According to the authors, the findings suggest that visual focus narrows when people use a computer, which in turn limits their cognitive focus.

“Departing from previous theories that focus on how oral and written technologies limit the synchronicity and extent of information exchanged, we find that our effects are driven by differences in the physical nature of videoconferencing and in-person interactions,” the authors wrote.

“Specifically, using eye-gaze and recall measures, as well as latent semantic analysis, we demonstrate that videoconferencing hampers idea generation because it focuses communicators on a screen, which prompts a narrower cognitive focus.”

The authors concluded, based on the results, that “virtual interaction comes with a cognitive cost for creative idea generation”.

“Our results indicate that, in these hybrid setups, it might make sense to prioritise creative idea generation during in-person meetings,” the study said, cautioning that the results have only documented the cognitive cost of virtual interactions but have not determined the extent to which a company should use virtual collaboration.

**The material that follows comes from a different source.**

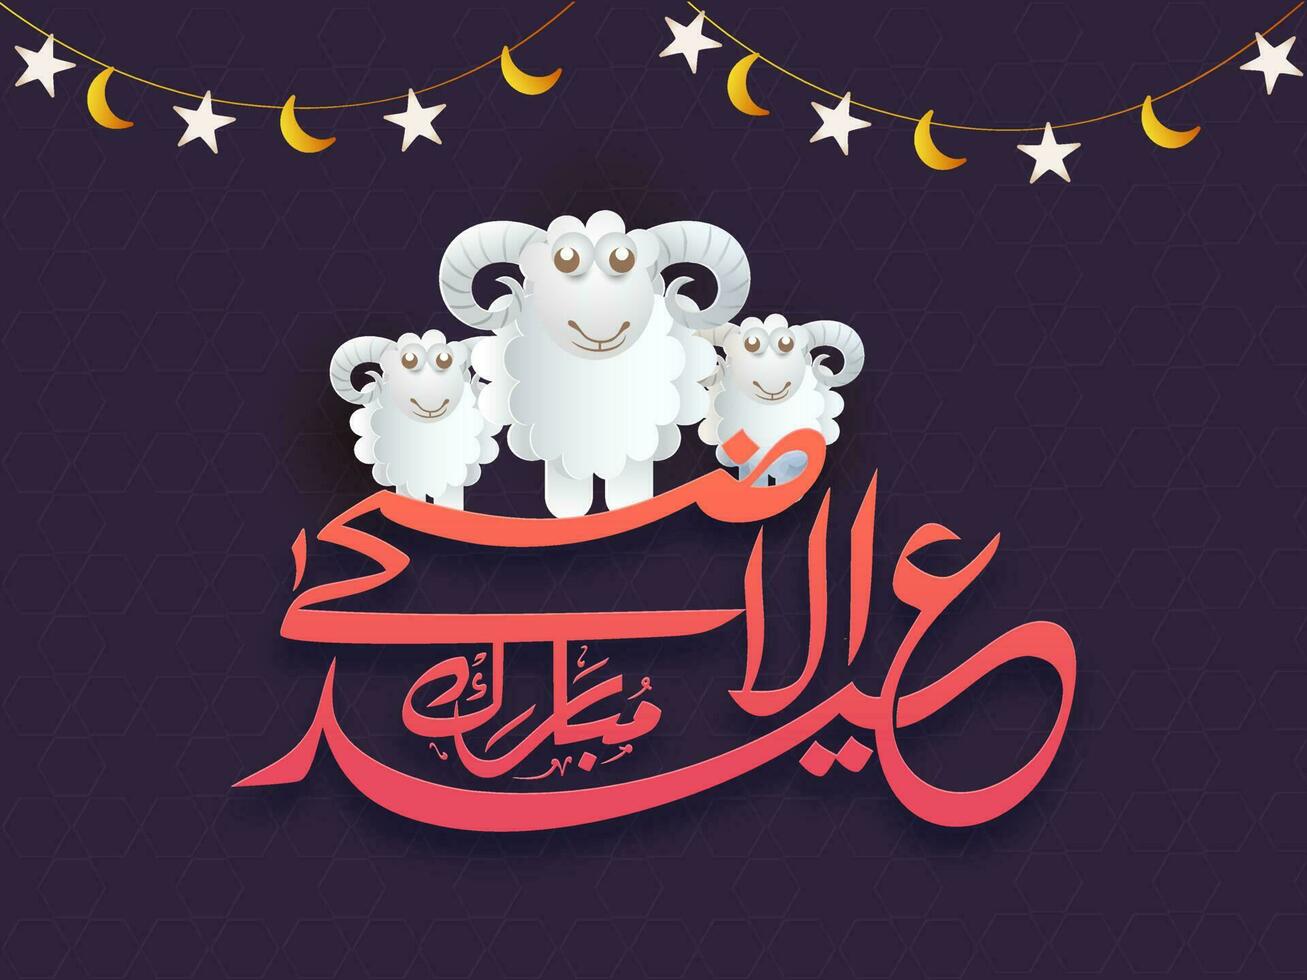 retro estilo poster ou bandeira Projeto. desenho animado do ovelha com islâmico caligrafia texto do eid-al-adha Mubarak festival. vetor

These findings are echoed in Read’s latest quarterly benchmark study on the health of virtual meeting, which found that nearly a quarter of participants in a meeting felt disengaged, while another 15% of meetings had a negative sentiment. It also showed that there was a 37% increase in disengaged participants from the first quarter to the last quarter of meetings that ran for more than 50 minutes.

The study, conducted between January and March 2022, also reported that just over half of all meetings went over schedule by at least a minute, while 31% of meetings start late.